Introduction to OpenRedukti

OpenRedukti is a C++ library for working with Interest Rate Derivative products such as Interest Rate Swaps, and FRAs. It allows you to build Interest Rate curves with different interpolation methods, and then use these curves to compute present value and sensitivities of Interest Rate Derivatives.

OpenRedukti is Free Software, licensed under the GNU General Public License, v3. If you wish to use OpenRedukti under a non-GPL license, you can raise an issue on GitHub repository. A liberal license will be granted to your company at zero cost, provided you agree to allow your company to be listed as a user of OpenRedukti.

Main Features

  • Small library with minimal external dependencies (only external dependencies are BLAS, LAPACK and Google Protocol Buffers)

  • Ability to express an interest rate product as a set of cashflows

  • Bootstrap continuously compounded zero coupon interest rate curves using Linear, CubicSpline, and MonotoneConvex interpolators

  • Interpolate curves in the discount factor space using LogLinear and LogCubicSpline interpolators

  • Compute present value of cashflows

  • Compute first and second order derivatives using Automatic/algorithmic Differentiation.

  • Script using Ravi - a derivative of Lua programming language

  • Script using Python, see An Introduction to Python Bindings for OpenRedukti.

  • Docker images now available to make it easier to try out OpenRedukti and PyRedukti: see Quick Start using Docker containers.

Background

OpenRedukti is part of the MyCCP product that was being developed by REDUKTI LIMITED. The development of MyCPP was halted in June 2017 due to lack of funding. A decision was taken then to Open Source parts of the MyCCP product, leading to the release of OpenRedukti.
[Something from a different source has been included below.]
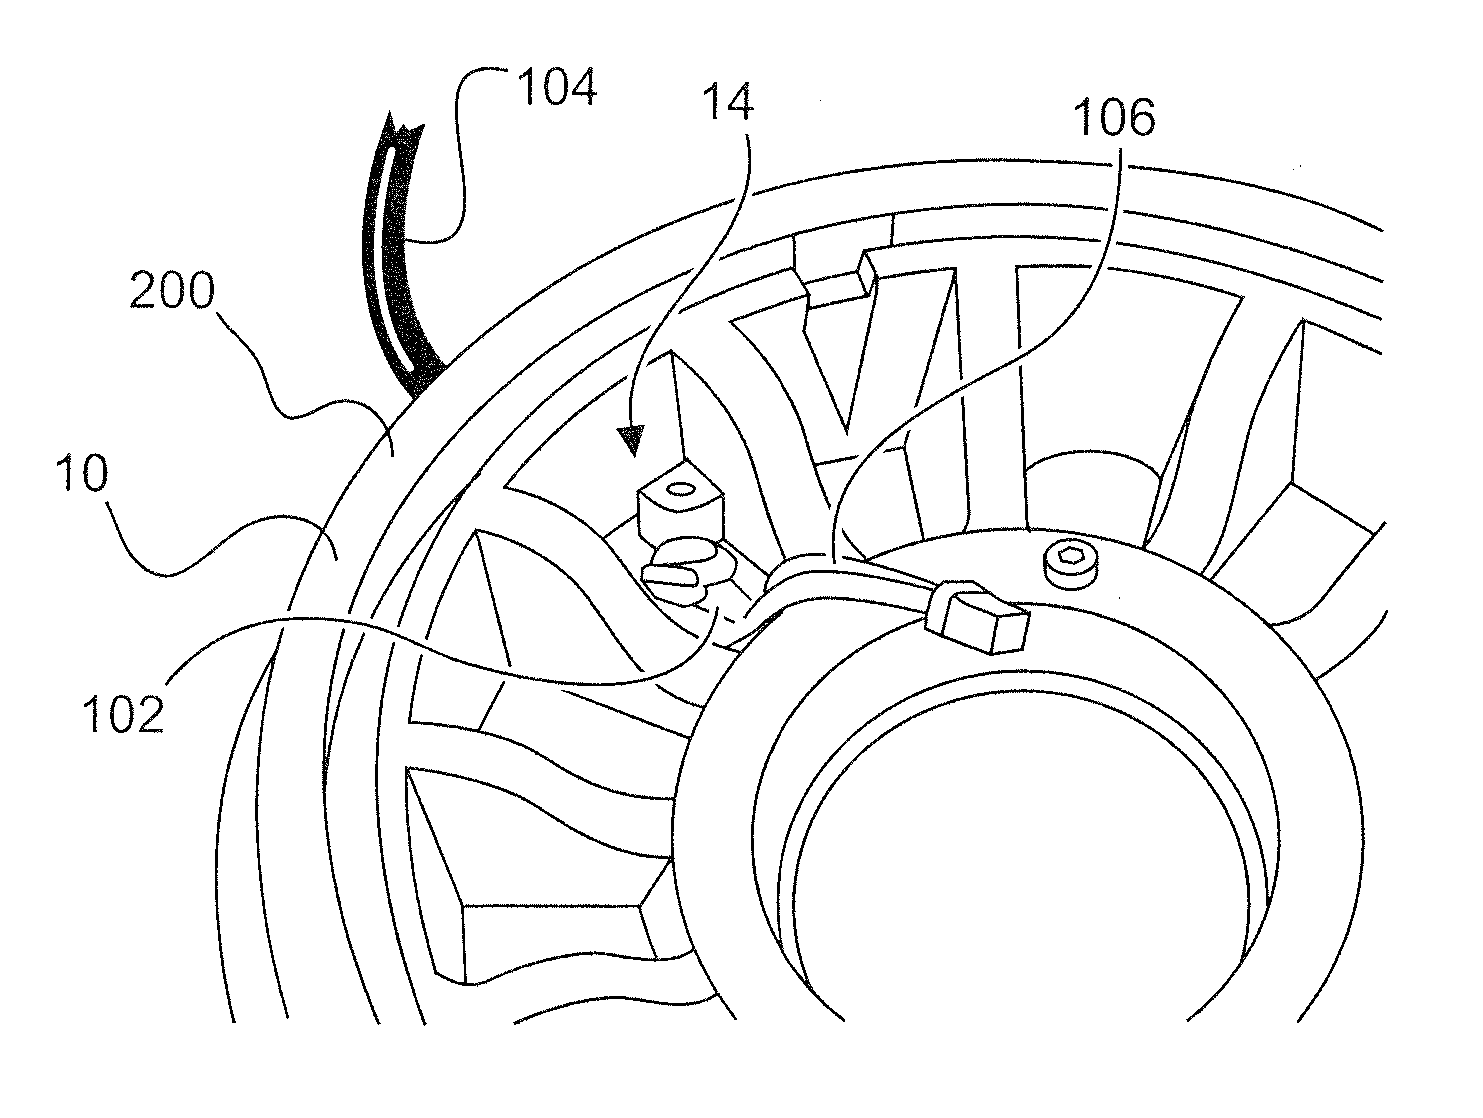 Air-Tight connection system for electronic systems

The main differences between the Open Source release and the proprietary version used in MyCCP are:

  • Only the core C++ pricing library has been released

  • The functionality for generating cashflows from FpML trades has not been released as this is fine tuned for the needs of MyCCP

  • The Limit Checker and VaR Calculator have not been released

  • The MyCCP front-end and middle tier components, written in C#, have not been released as these are very specific to requirements of a CCP.

For further details of the full scope of the MyCCP product, please visit Redukti.Com.
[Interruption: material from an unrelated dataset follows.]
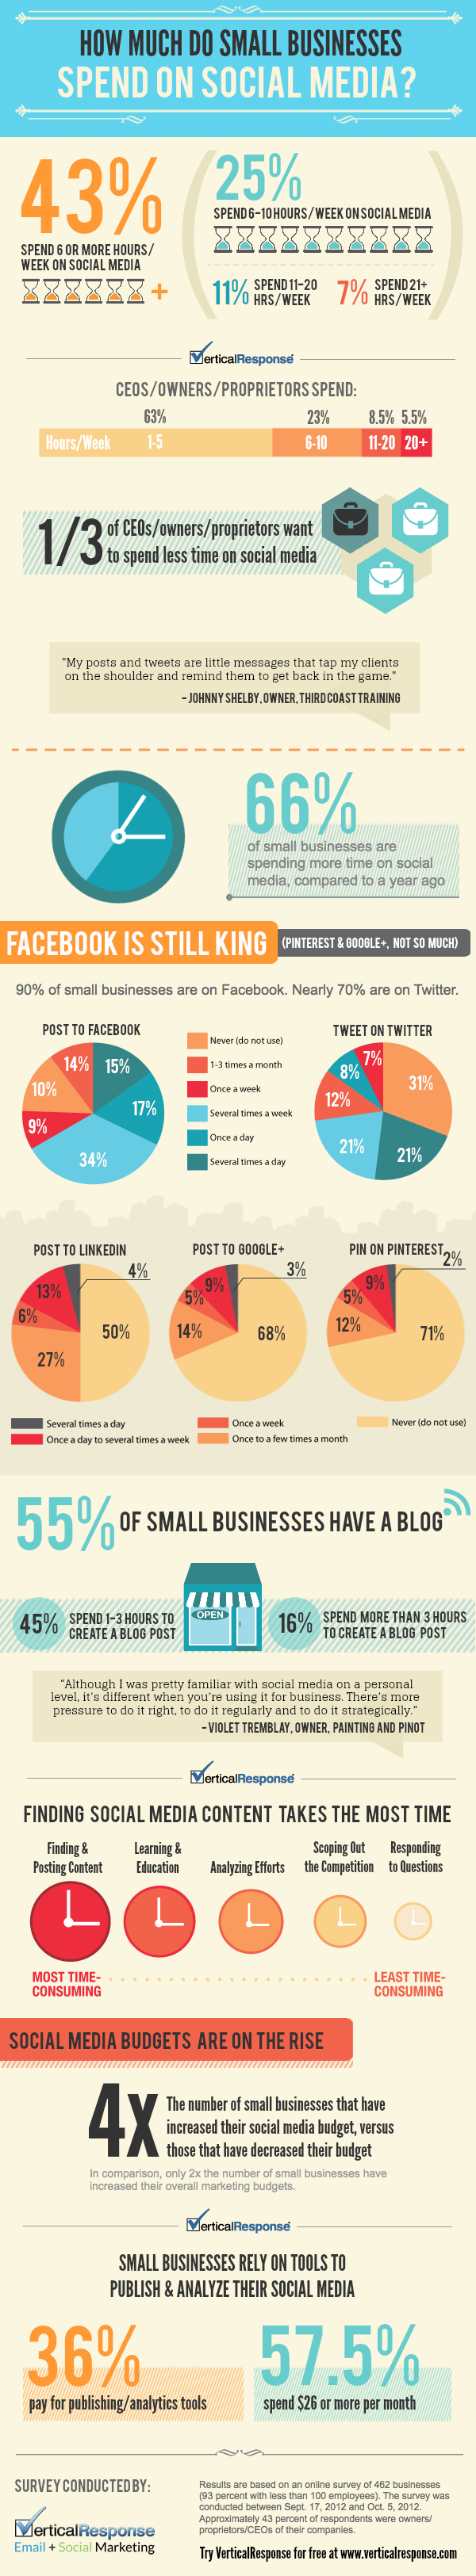 SMEs (Small medium Enterprises) - how much budget do they spend on social media?

The OpenRedukti Computation Model

OpenRedukti’s design is quite different from QuantLib. In QuantLib various objects are interlinked via C++ pointers; this approach is unsuitable for a server deployment.

OpenRedukti’s model decouples the raw market data, its conversion to curves, and the use of curves for valuation purposes.

So in order to value trades, you have to do following:

  1. Build curves using raw market data (i.e. quotes). Curve Building uses a multi-curve builder so this is an expensive step. During curve building you can optionally generate PAR sensitivities, which is a very expensive step (can take minutes).

  2. You then seed a Valuation Service with the curves, fixings and some additional configuration data such as curve mappings. OpenRedukti groups curves into market date sets. Each market data set is identified by the business date, the market data qualifier, and a cycle number. This allows multiple market data sets to be computed and registered at the same time. The Valuation Service caches all the registered market data sets in memory.

  3. Each curve in the market data set is identified by a scenario number. This should be 0 for the base curves. However, you may add additional curves with incremented scenario numbers. Such curves are used for VaR computation in OpenRedukti, and each scenario curve represents a VaR scenario, i.e. the curve is shifted from the base curve in some manner. Note that scenario curves never compute sensitivities.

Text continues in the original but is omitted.